The third inning, on the other hand, started with two quick outs. And then everything unraveled. Morrow walked four in a row, bringing him up to eight for the afternoon and getting him pulled from the game, even though he still hadn’t allowed a hit. Chad Jenkins replaced him and immediately gave up a grand slam to Pierzynski, followed by another homer to Middlebrooks.

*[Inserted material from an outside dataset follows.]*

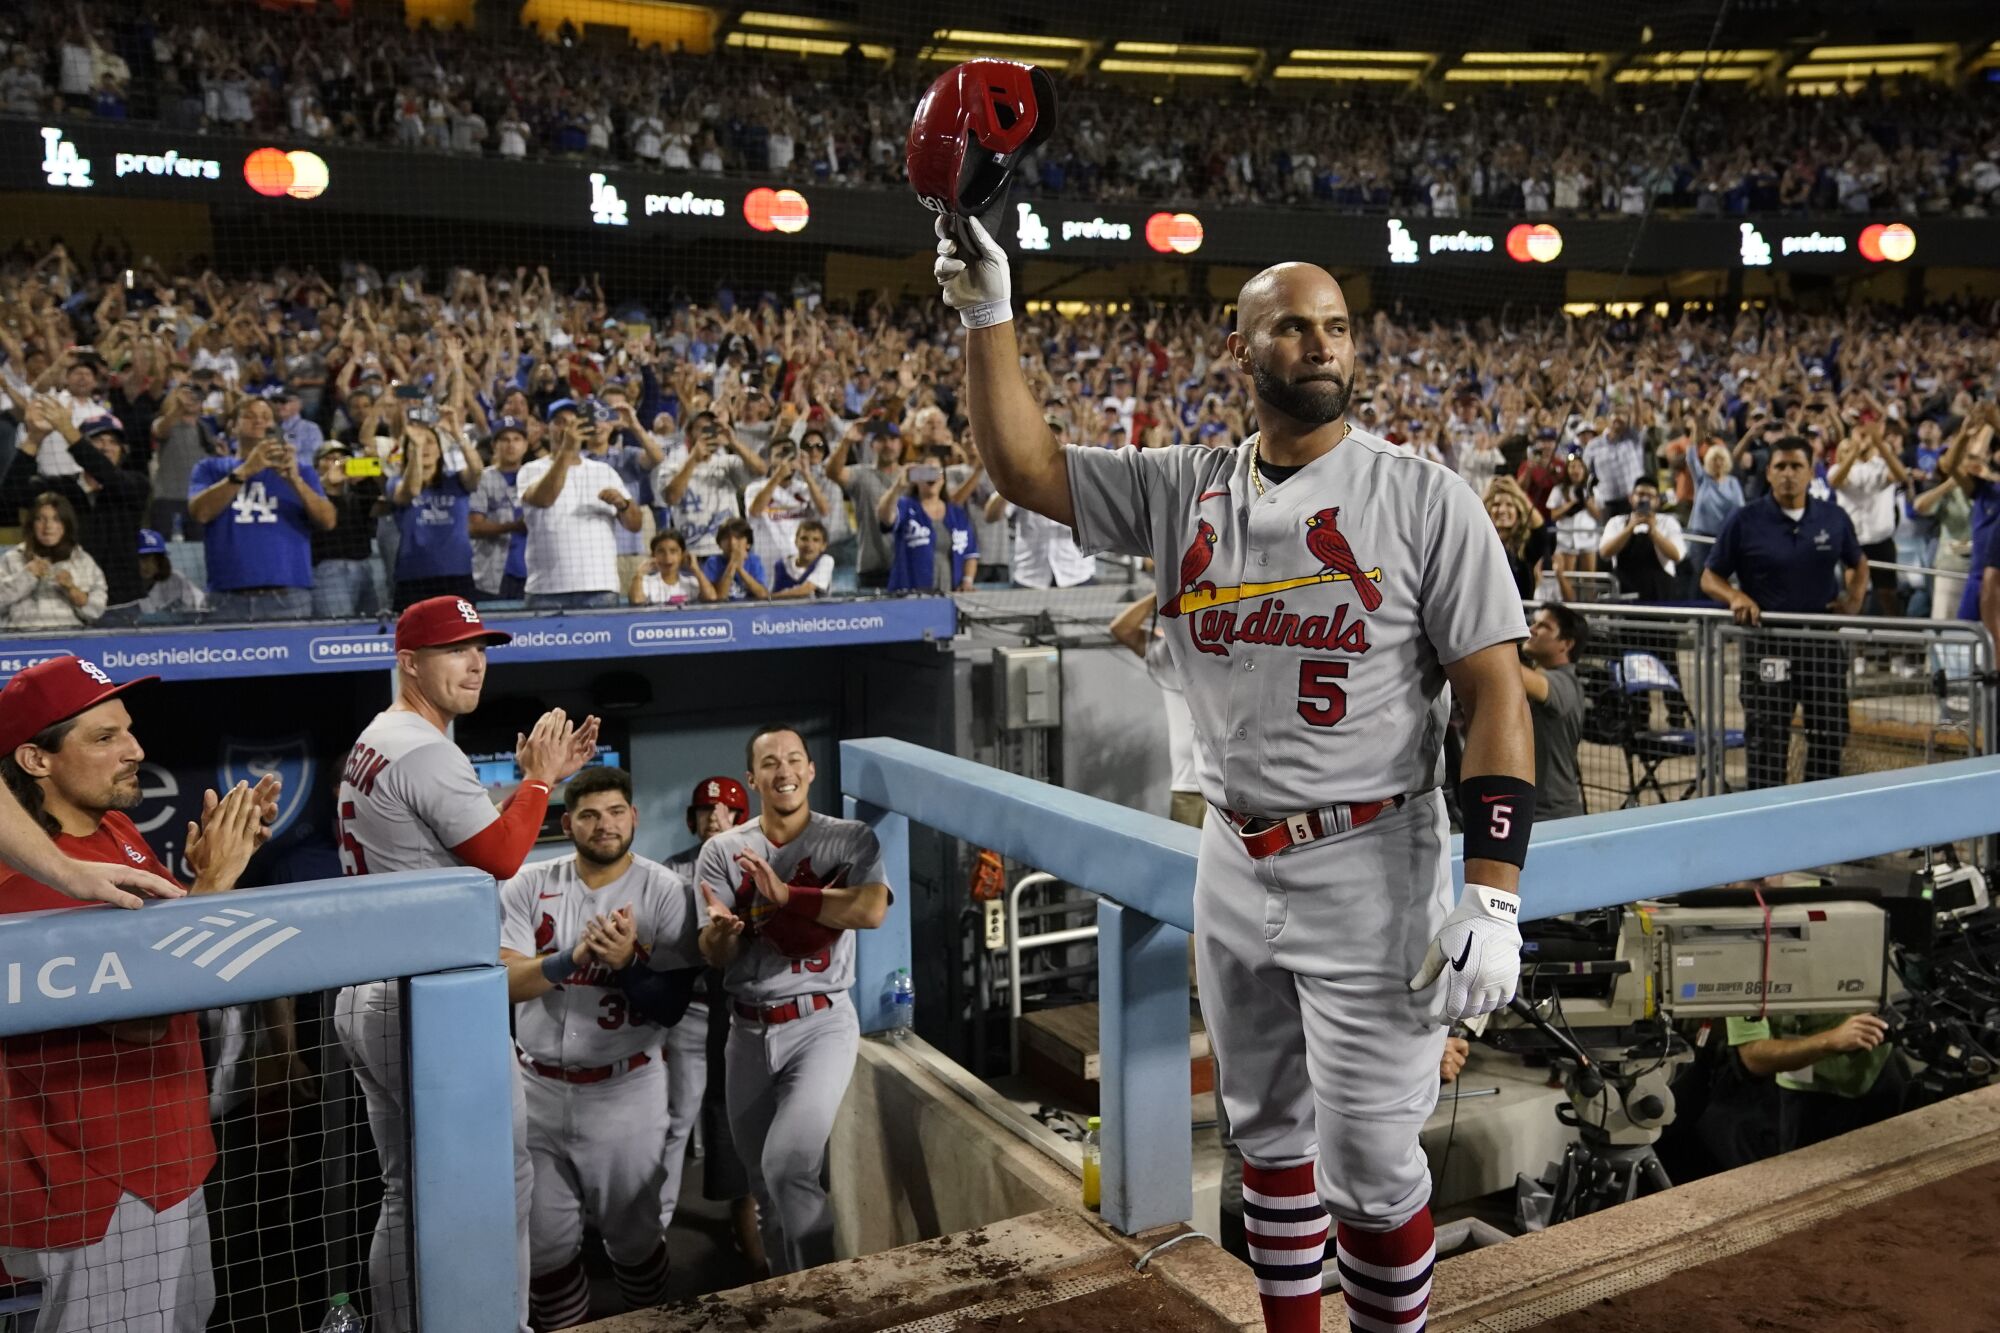 stone. St. Louis Cardinals designated hitter Albert Pujols waves to fans as he receives the honor.

For Morrow, it was an ugly combination of bad control, a patient offense and a horrible day from Jeff Kellogg behind the plate. Just 26 of his 66 pitches were strikes, but as you can see, even before he established himself as lacking command on the day, the pitches on the corners weren’t being called. Opposing starter Clay Buchholz struggled with the same phenomenon, though he did bounce back nicely after a three-run first.

Morrow became the first starter to walk eight and throw no more than three innings since Houston’s Jonathan Johnson against the Red Sox in 2003. David Ortiz was in Boston’s lineup for that one, too, but he didn’t walk in the contest.

Prior to that, Kerry Wood walked eight in 1 1/3 innings for the Cubs in Sept. 2000. Steve Adkins did it for the Yankees in 1990. Those are the only three times it happened in the previous 35 years.